Globally, increase in emission rates of greenhouse gases, e. g., CO2, present a threat to the world climate. As an estimate in the year 2000, over 20 million metric tons of CO2 were expected to be released in the atmosphere every year (Saxena et al., in press). If this trend continues, some extreme natural calamities are expected such as excessive rainfall and consequent floods, droughts, and local imbalances. Biomass is a carbon neutral resource in its life cycle and the primary contributor of greenhouse effect. Biomass is the fourth largest source of energy in the world after coal, petroleum, and natural gas, providing about 14% of the world’s primary energy consumption (Saxena et al., in press). Biomass is being considered as an important energy resource all over the world.

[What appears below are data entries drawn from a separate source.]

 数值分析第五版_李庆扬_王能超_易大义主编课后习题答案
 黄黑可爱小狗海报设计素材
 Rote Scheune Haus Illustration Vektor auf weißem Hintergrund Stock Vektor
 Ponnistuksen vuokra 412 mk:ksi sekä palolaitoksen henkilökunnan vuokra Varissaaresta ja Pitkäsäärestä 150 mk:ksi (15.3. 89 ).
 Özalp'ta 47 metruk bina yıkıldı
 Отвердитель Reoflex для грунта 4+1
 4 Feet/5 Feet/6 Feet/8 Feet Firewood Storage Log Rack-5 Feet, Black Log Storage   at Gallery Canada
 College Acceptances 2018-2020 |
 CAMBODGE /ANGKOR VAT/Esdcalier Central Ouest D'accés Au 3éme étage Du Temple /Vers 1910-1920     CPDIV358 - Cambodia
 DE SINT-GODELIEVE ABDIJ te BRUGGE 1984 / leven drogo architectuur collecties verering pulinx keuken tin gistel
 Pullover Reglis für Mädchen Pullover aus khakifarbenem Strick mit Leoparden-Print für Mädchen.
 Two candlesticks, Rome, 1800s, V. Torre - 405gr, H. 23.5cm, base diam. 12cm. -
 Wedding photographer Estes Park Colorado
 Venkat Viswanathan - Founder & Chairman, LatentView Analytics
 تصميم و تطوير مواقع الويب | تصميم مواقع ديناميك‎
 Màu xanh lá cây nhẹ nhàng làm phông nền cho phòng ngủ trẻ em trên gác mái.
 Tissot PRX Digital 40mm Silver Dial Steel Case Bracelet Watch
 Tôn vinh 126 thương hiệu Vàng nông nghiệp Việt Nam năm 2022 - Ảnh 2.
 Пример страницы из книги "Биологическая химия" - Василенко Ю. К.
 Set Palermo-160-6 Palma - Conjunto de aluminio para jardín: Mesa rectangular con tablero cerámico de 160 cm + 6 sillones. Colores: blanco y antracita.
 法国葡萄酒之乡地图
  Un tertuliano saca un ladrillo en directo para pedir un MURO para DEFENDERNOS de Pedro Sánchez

In order to reduce greenhouse gas emissions from energy consumption, several policy alternatives such as emission taxes and tradable emission permits have been proposed. These mitigation policies are likely to enhance the competitive advantage of biomass energy over fossil fuels as the former can displace CO2 emissions from the latter. However, it is well understood that the conversion of biomass to bioenergy requires additional energy inputs, most often provided in some form of fossil fuel. The life cycle energy balance of a biomass compared to conventional fossil fuel should be positive, but depending on the processing choices, the cumulative fossil energy demand might, at times, only be marginally lower or even higher than that of liquid fossil fuels. Bioenergy systems should be compared to conventional fuel ones from a point of view of a life cycle basis, or using LCA.